# Am I a subject for income tax declaration?



## torontoeu (Jan 13, 2014)

Hi all.
I and my family became permanent residents in May 2012 (1.5+ years from today). 
Upon arrival I got my SIN, opened a bank account (deposited 200 cad) and got driver's license, no residential ties, no car, no health card, no clames for child benefits etc.... We stayed in Canada for 1 week and returned to our home country.

In June 2014 we plan to move to live and work in Canada permanently.

I have three questions:
1) Do I need to declare&pay taxes for period May 2012 - June 2014? (This is the period I was permanent resident but I did not live or work in Canada)

2) During period May 2012 - June 2014 I earned extra money in my home/native country. Can I legally transfer my money (without having to pay additional taxes) to Canada since upon landing in 2012 I declared I have only 25.000 CAD (and today I have 70.000 CAD in possession)

3) If I carry some money with me (i.e. 11000 CAD) when arriving in Canada will I be a subject of customs fee?

I would appreciate if you can share any government internet link with additional info.

I thank you for your comments.


----------



## Spudd (Oct 11, 2011)

http://www.cra-arc.gc.ca/tx/nnrsdnts/ndvdls/nwcmr-eng.html

There is no customs fee to bring money into Canada but you will need to declare it.


----------



## Guban (Jul 5, 2011)

1) no. You don't need to file a return if you are not resident in Canada.

Please excuse my ignorance, but how did you get permanent residence if you were not resident in Canada? If you were resident before May 2012, you'd have to file an exit return to show that you left the country. 

My understanding of your other questions is the same as Spudd's.


----------



## AltaRed (Jun 8, 2009)

Guban said:


> Please excuse my ignorance, but how did you get permanent residence if you were not resident in Canada? If you were resident before May 2012, you'd have to file an exit return to show that you left the country.


Off-topic but a sore point with me. Seems people can 'buy' permanent residency to some degree. Remember the huge taxpayer cost to rescue all those Lebanese when the heat was on in Lebanon, i.e. all those who had obtained Canadian permanent residency (for convenience) but chose to live back in their home country... until it was inconvenient? That was a low point in taking advantage of the system. The fodder for another thread.....


----------



## Eclectic12 (Oct 20, 2010)

AltaRed said:


> Off-topic but a sore point with me.
> 
> Seems people can 'buy' permanent residency to some degree. Remember the huge taxpayer cost to rescue all those Lebanese when the heat was on in Lebanon, i.e. all those who had obtained Canadian permanent residency (for convenience) but chose to live back in their home country... until it was inconvenient? That was a low point in taking advantage of the system.

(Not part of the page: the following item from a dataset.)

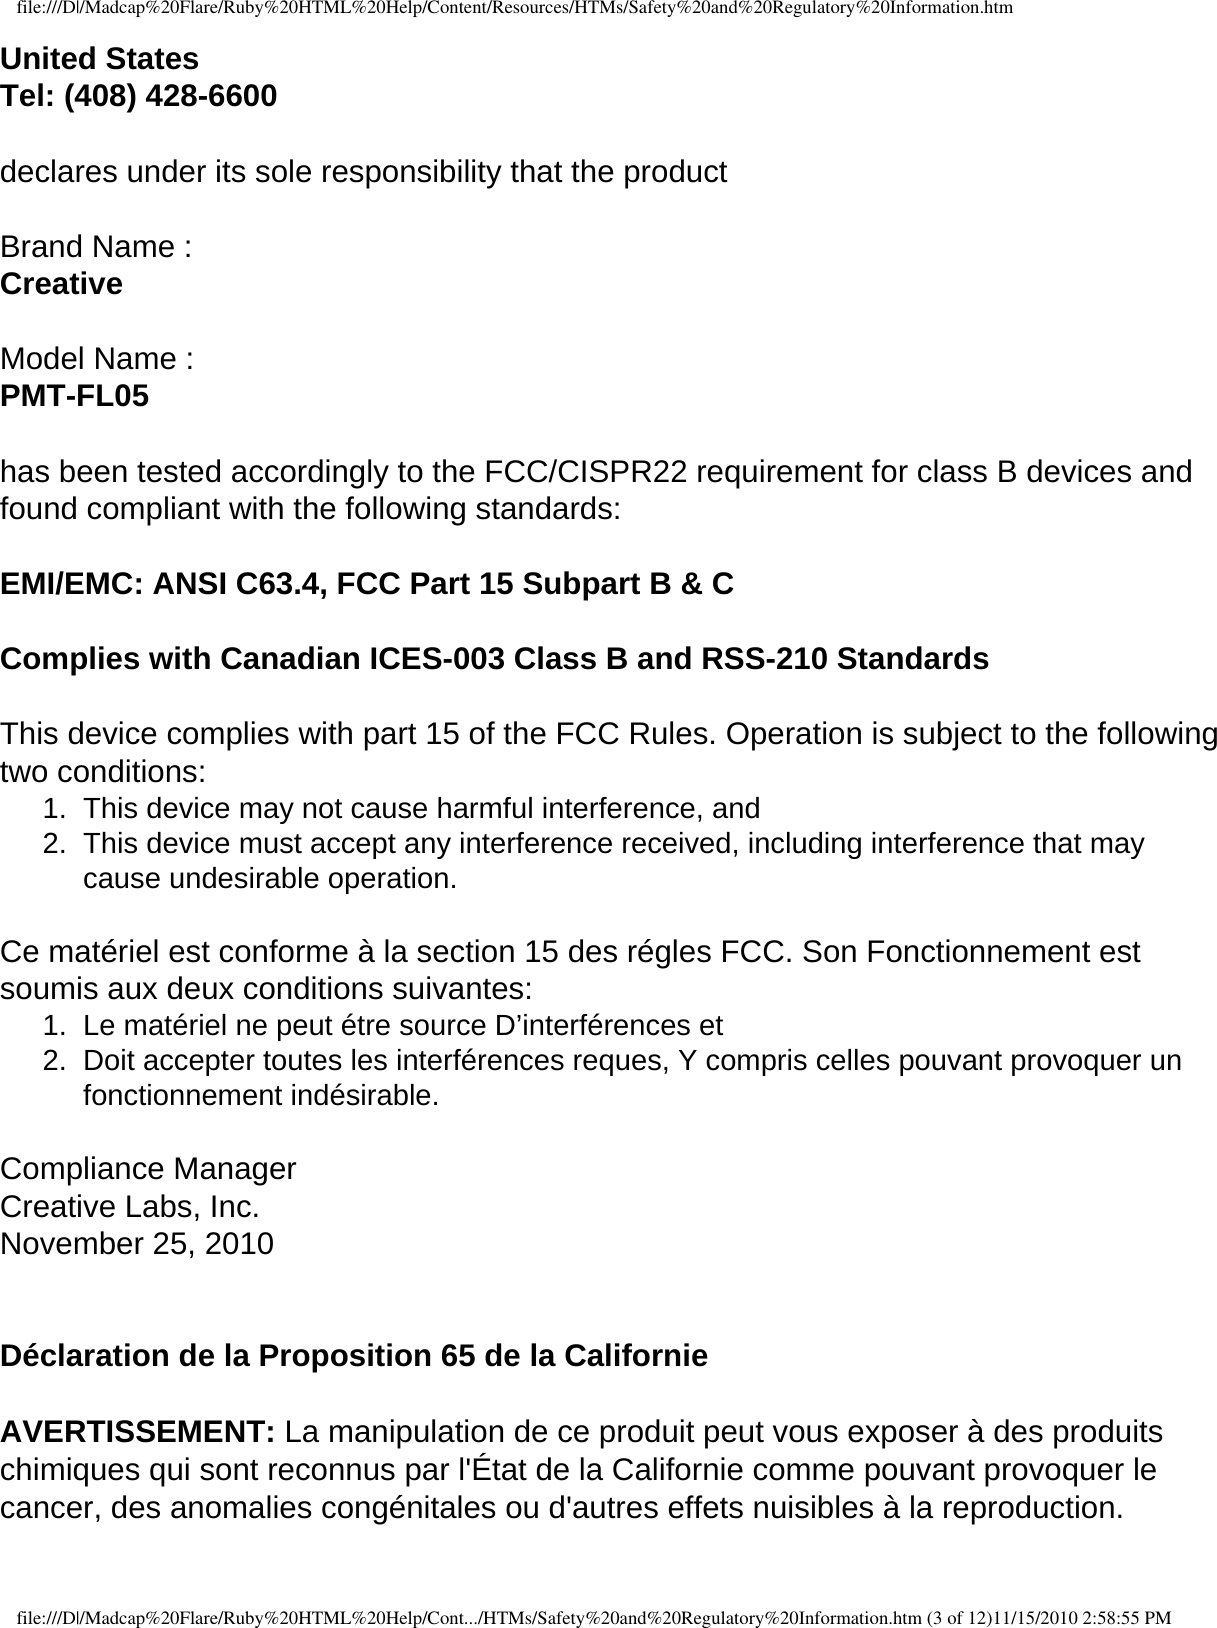 file:///D|/Madcap%20Flare/Ruby%20HTML%20Help/Content/Resources/HTMs/Safety%20and%20Regulatory%20Information.htmUnited States Tel: (408) 428-6600  declares under its sole responsibility that the product    Brand Name : Creative  Model Name : PMT-FL05  has been tested accordingly to the FCC/CISPR22 requirement for class B devices and found compliant with the following standards:    EMI/EMC: ANSI C63.4, FCC Part 15 Subpart B &amp; C    Complies with Canadian ICES-003 Class B and RSS-210 Standards    This device complies with part 15 of the FCC Rules. Operation is subject to the following two conditions: 1.  This device may not cause harmful interference, and 2.  This device must accept any interference received, including interference that may cause undesirable operation.    Ce matériel est conforme à la section 15 des régles FCC. Son Fonctionnement est soumis aux deux conditions suivantes: 1.  Le matériel ne peut étre source D’interférences et 2.  Doit accepter toutes les interférences reques, Y compris celles pouvant provoquer un fonctionnement indésirable.    Compliance Manager Creative Labs, Inc. November 25, 2010   Déclaration de la Proposition 65 de la Californie  AVERTISSEMENT: La manipulation de ce produit peut vous exposer à des produits chimiques qui sont reconnus par l&apos;État de la Californie comme pouvant provoquer le cancer, des anomalies congénitales ou d&apos;autres effets nuisibles à la reproduction.   file:///D|/Madcap%20Flare/Ruby%20HTML%20Help/Cont.../HTMs/Safety%20and%20Regulatory%20Information.htm (3 of 12)11/15/2010 2:58:55 PM
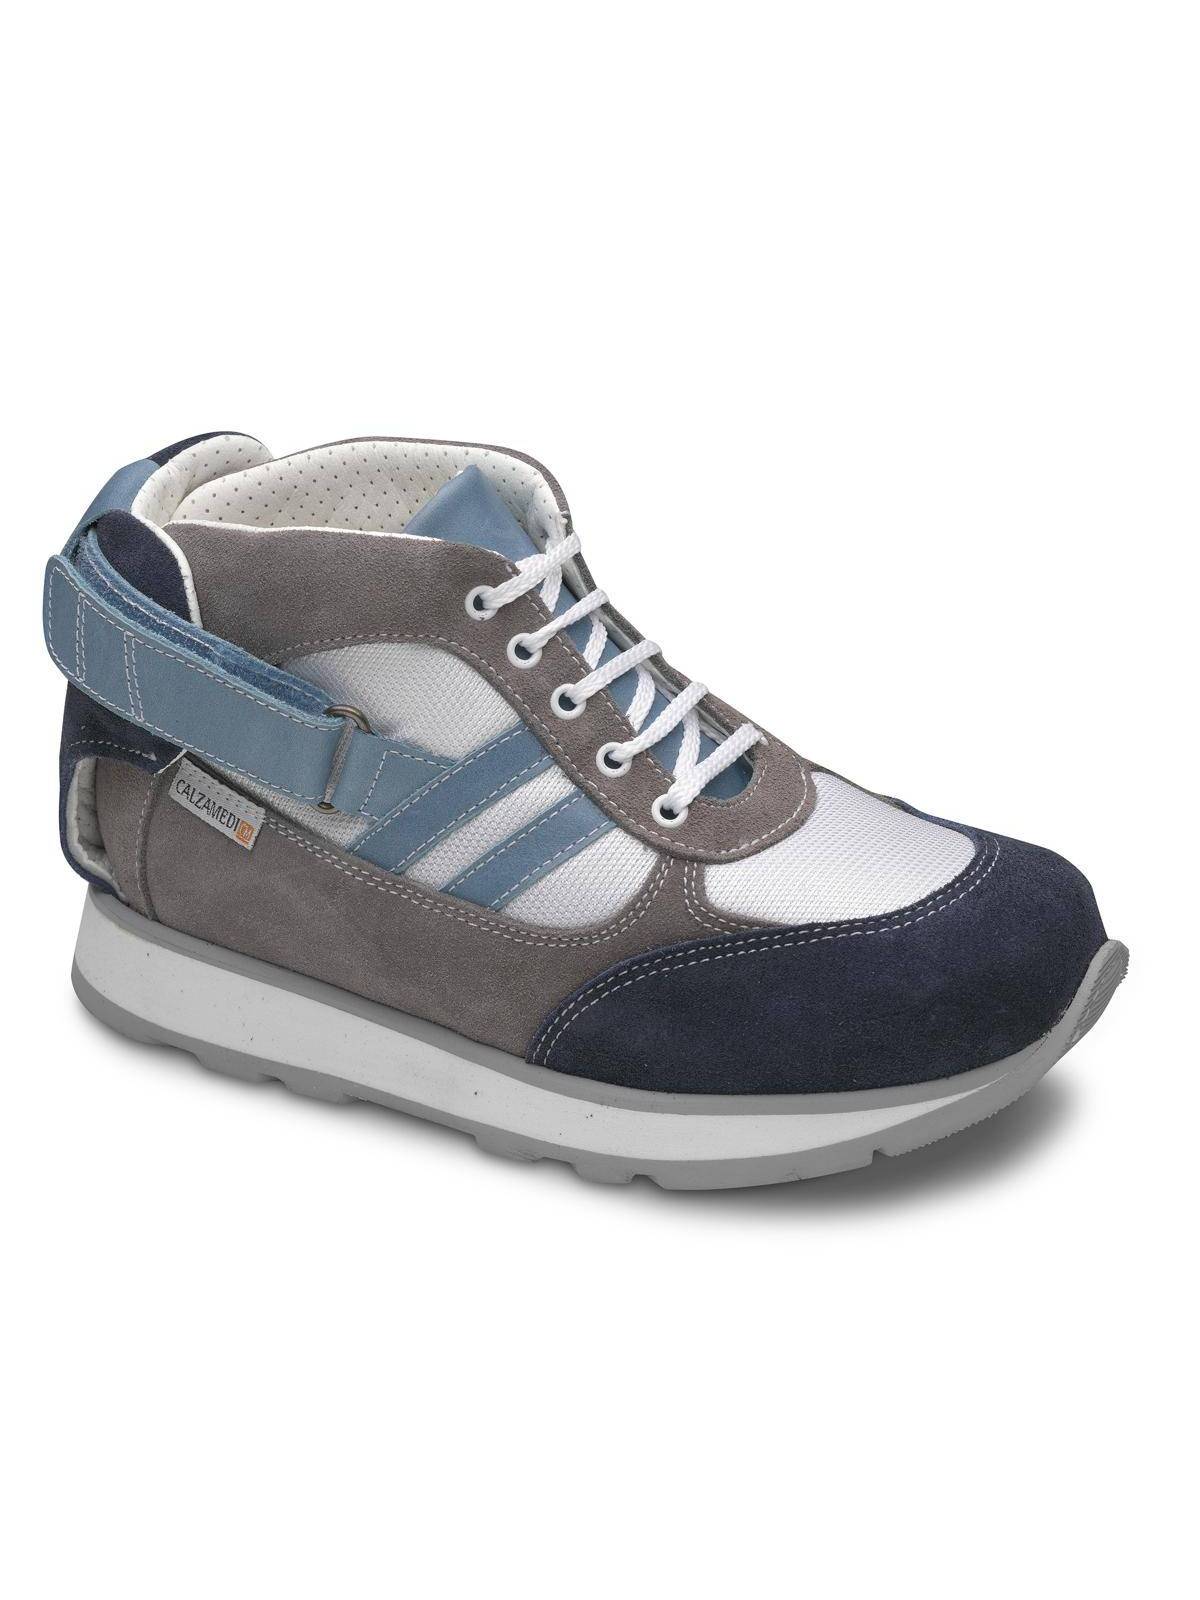 Zapato Calzamedi 4140 Gris/Azul

The fodder for another thread.....


Maybe ... but my co-worker who lived in Canada at the time & was visiting relatives on vacation appreciated being evacuated. I recall he said he was on the second ship.


Cheers


----------



## AltaRed (Jun 8, 2009)

Eclectic12 said:


> Maybe ... but my co-worker who lived in Canada at the time & was visiting relatives on vacation appreciated being evacuated. I recall he said he was on the second ship.


That is the way it should be. At the time, I seem to recall there was some discussion on minimum Canadian residency time to qualify for free evacuation but the gov't probably wisely shelved that when countries like Britain and USA did not differentiate.


----------



## Cdnwife (Sep 10, 2013)

AltaRed said:


> Off-topic but a sore point with me. Seems people can 'buy' permanent residency to some degree. Remember the huge taxpayer cost to rescue all those Lebanese when the heat was on in Lebanon, i.e. all those who had obtained Canadian permanent residency (for convenience) but chose to live back in their home country... until it was inconvenient? That was a low point in taking advantage of the system. The fodder for another thread.....


Despite returning to their home country, there are still requirements to maintain their residency. So yes, they may go back 'home', but they must spend 730 days every 5 years on Canadian soil to keep that PR card. I get more miffed at those Canadians abroad who no longer contribute to our tax base yet collect benefits. I question if they are truly entitled to saying the are residents if they spend less than 5 months on Canadian soil.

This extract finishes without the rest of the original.